--- Task to carry out ---
This exercise asks for an exact copy of the lines from the one containing "Weekender Bags for" through the final line of the material, with pictures omitted.

--- Data block ---
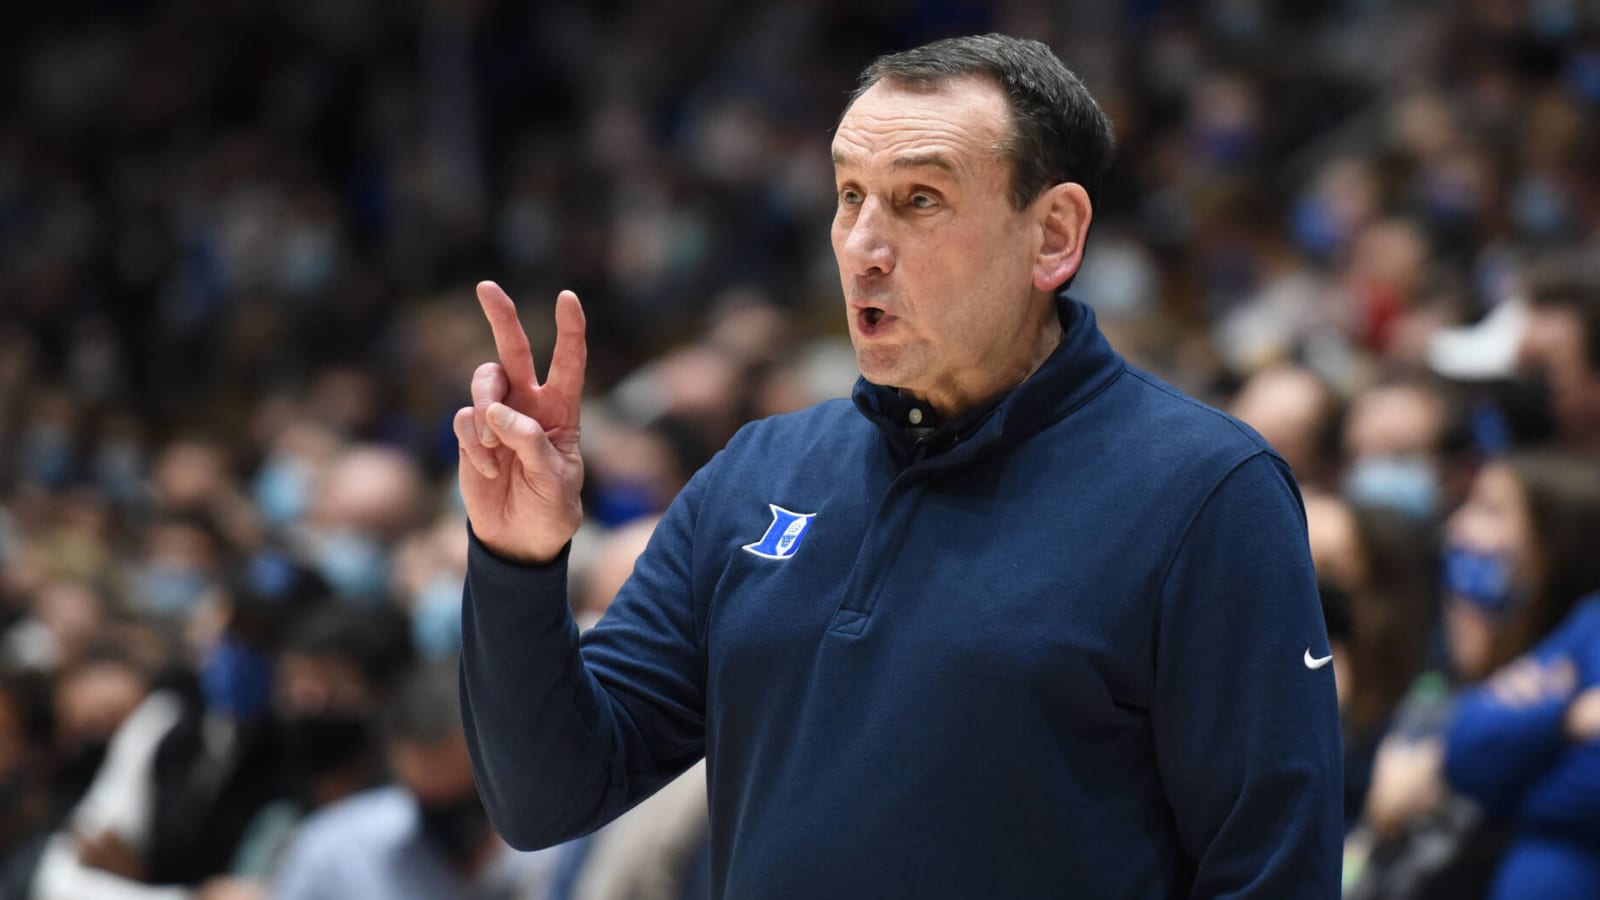 Coach K misses second half against Wake Forest due to illness
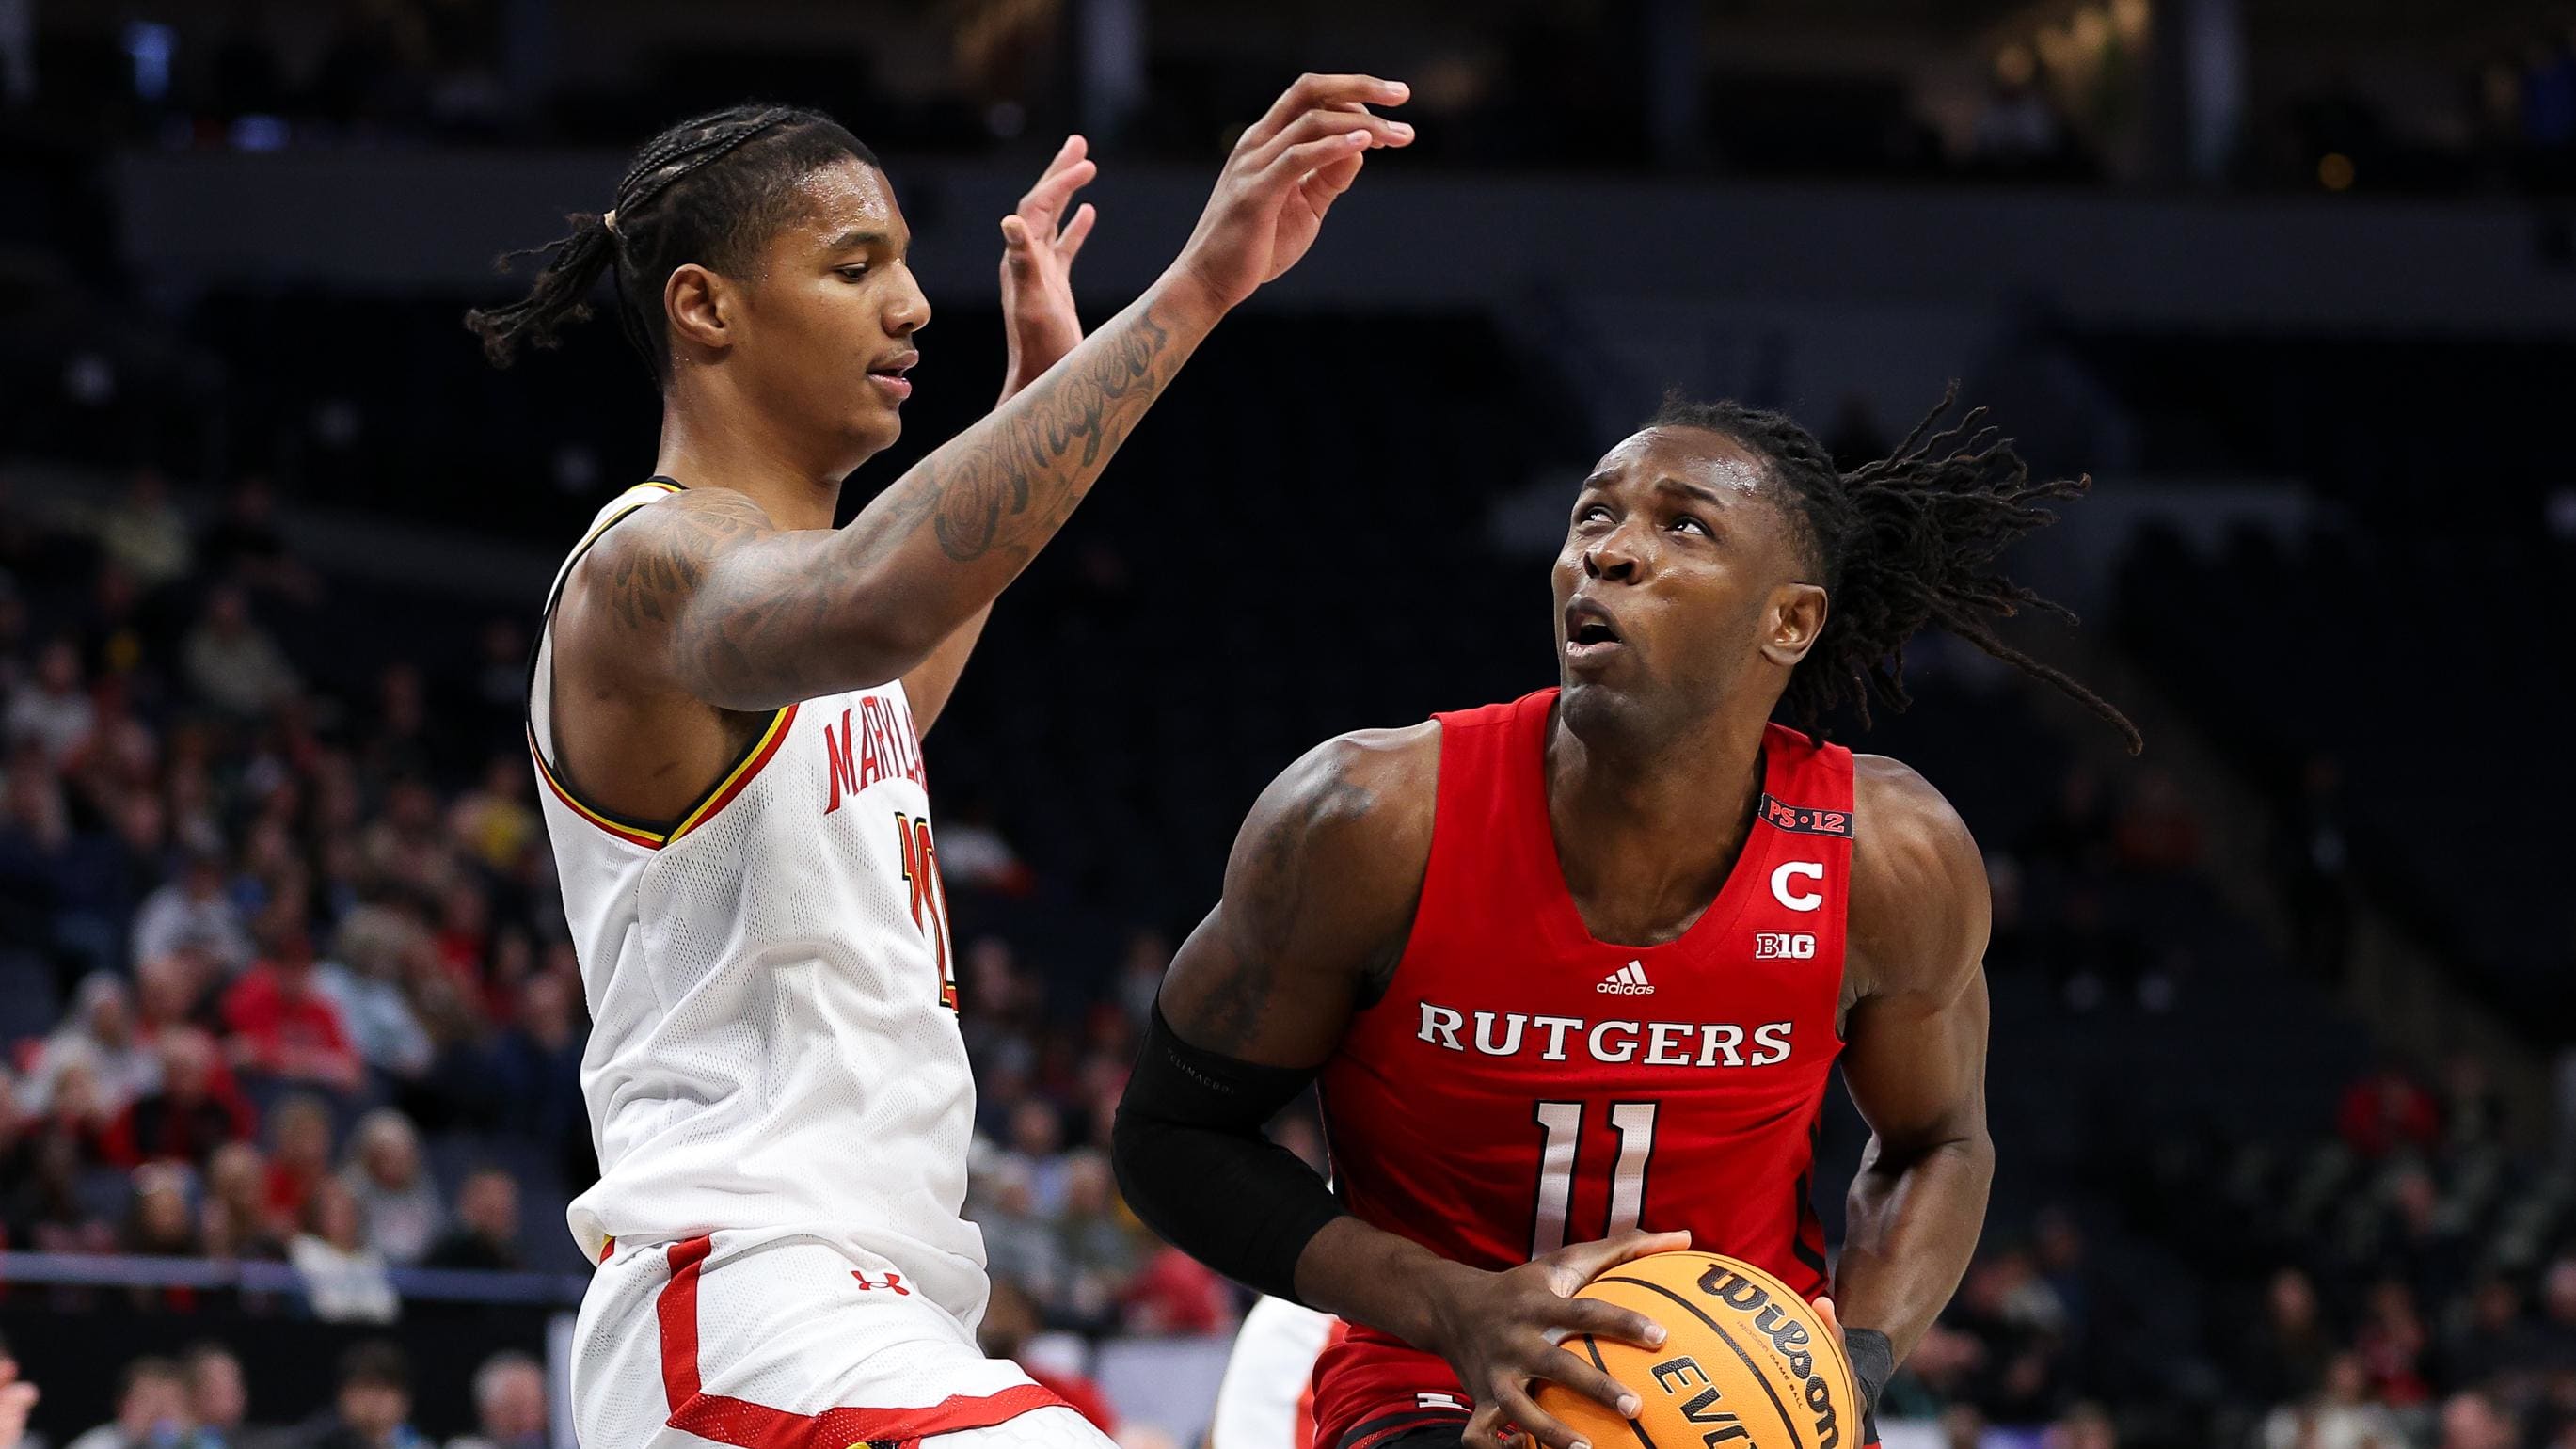 Rutgers Transfer Clifford Omoruyi: Top 5 Ranked Player Considering Georgia Tech & More
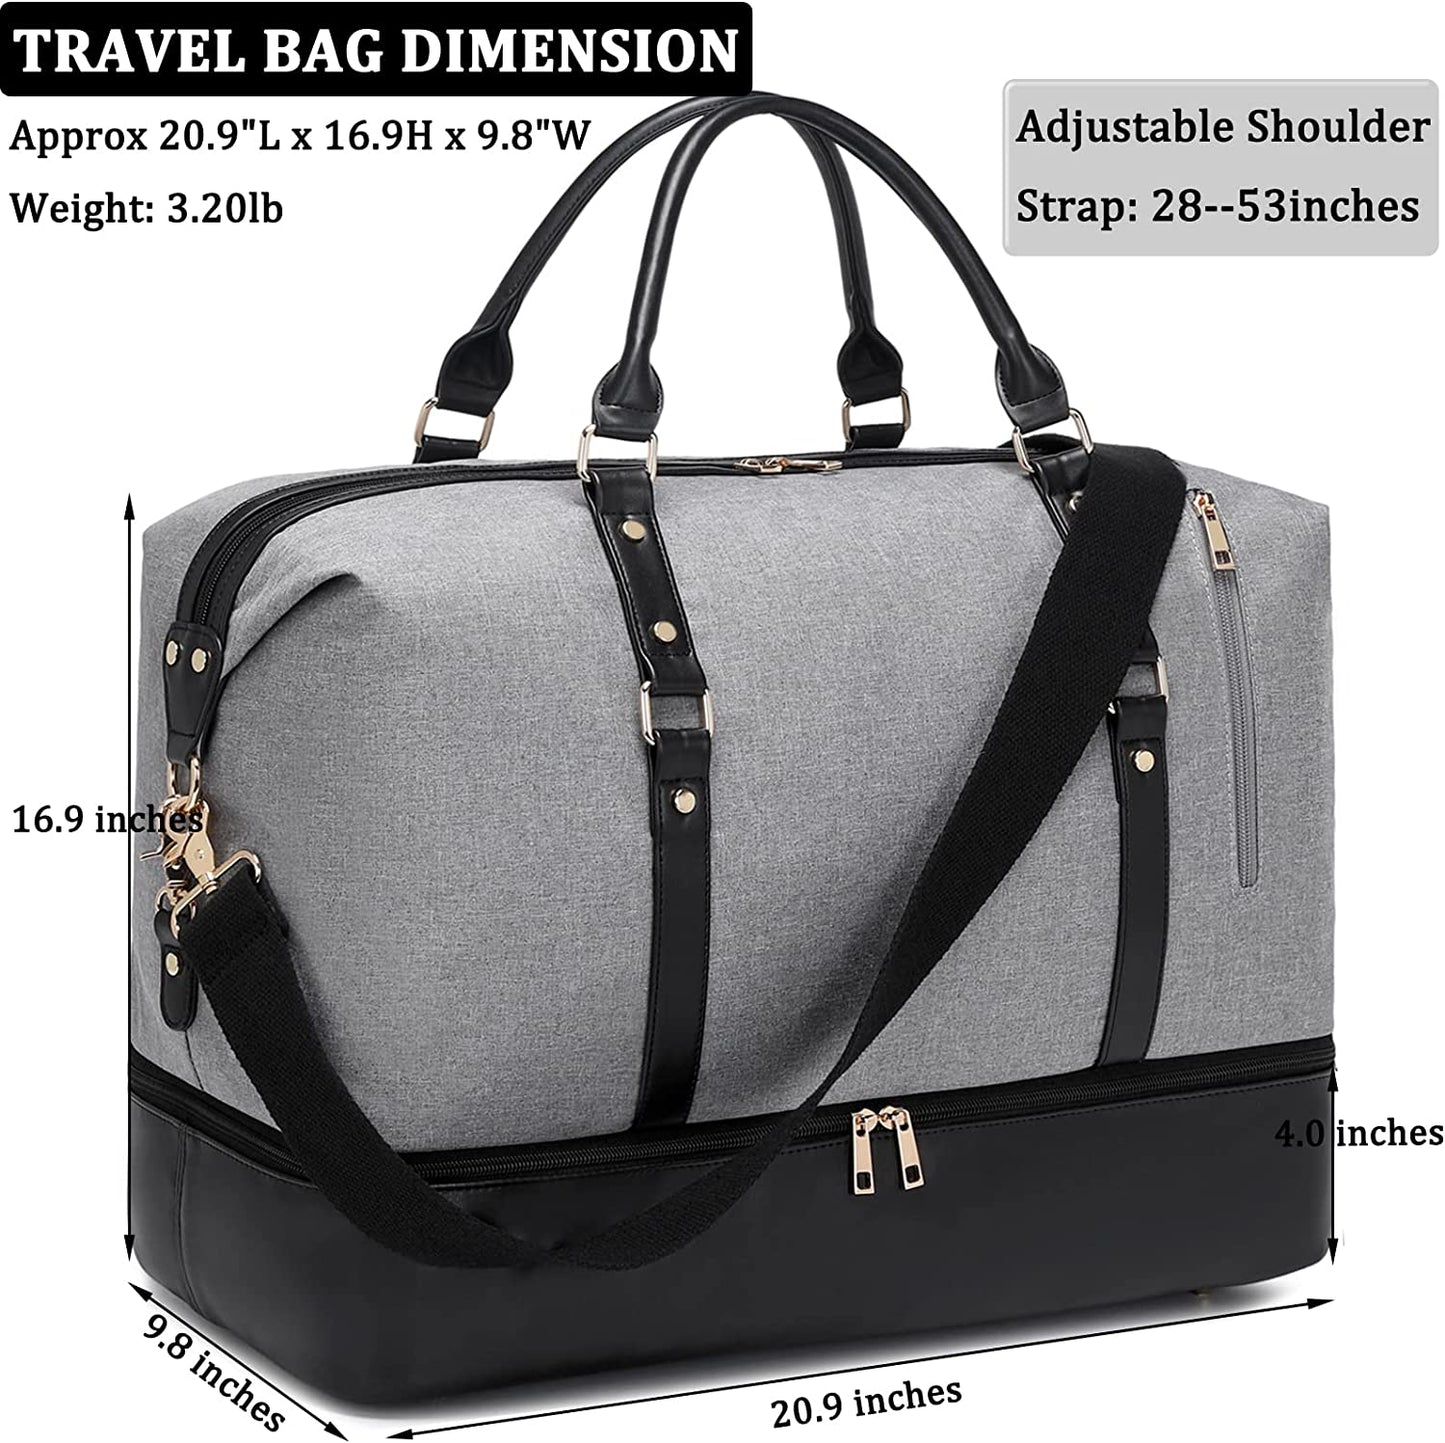 Weekender Bags for Women Oversized Travel Bag Womens Overnight Bag Mens Duffle Bag Large Size with Shoe Compartment
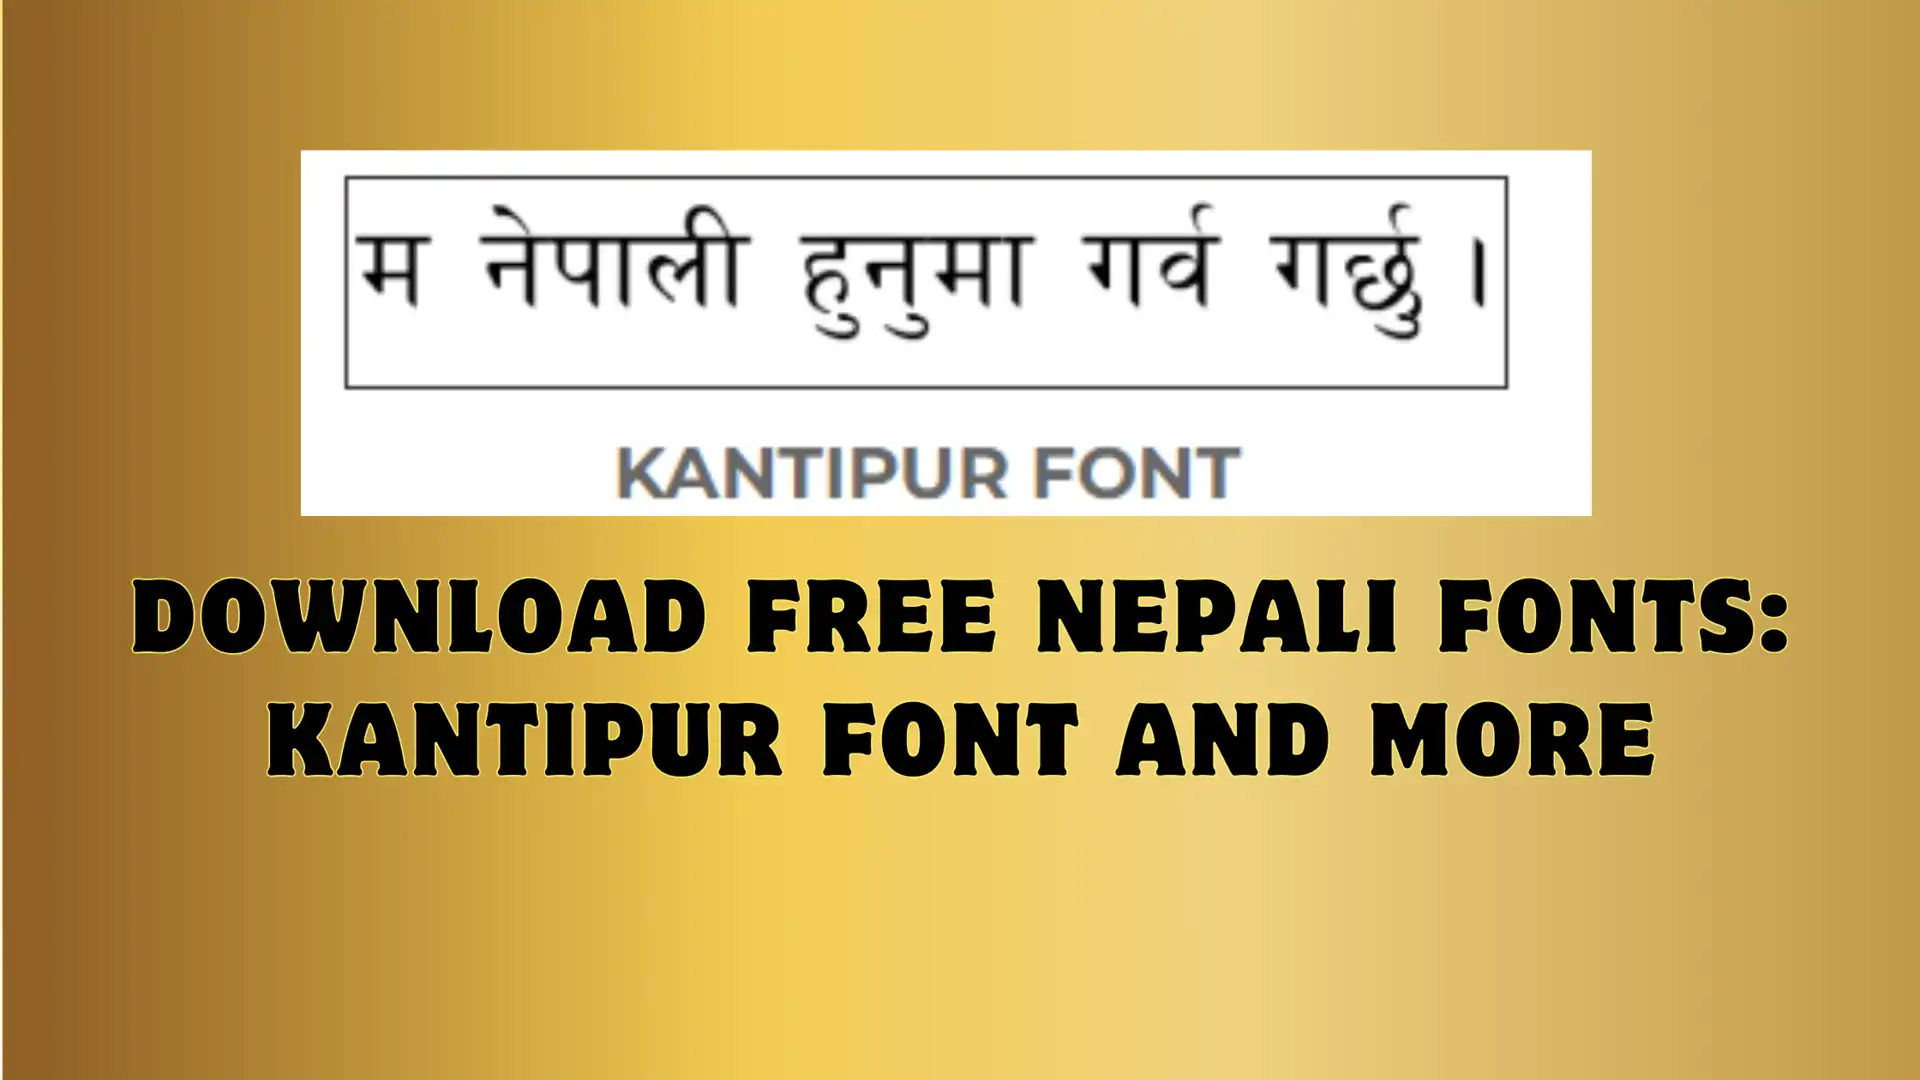 Download Free Nepali Fonts Kantipur Font and More

--- Answer to the problem ---
 Weekender Bags for Women Oversized Travel Bag Womens Overnight Bag Mens Duffle Bag Large Size with Shoe Compartment
 Download Free Nepali Fonts Kantipur Font and More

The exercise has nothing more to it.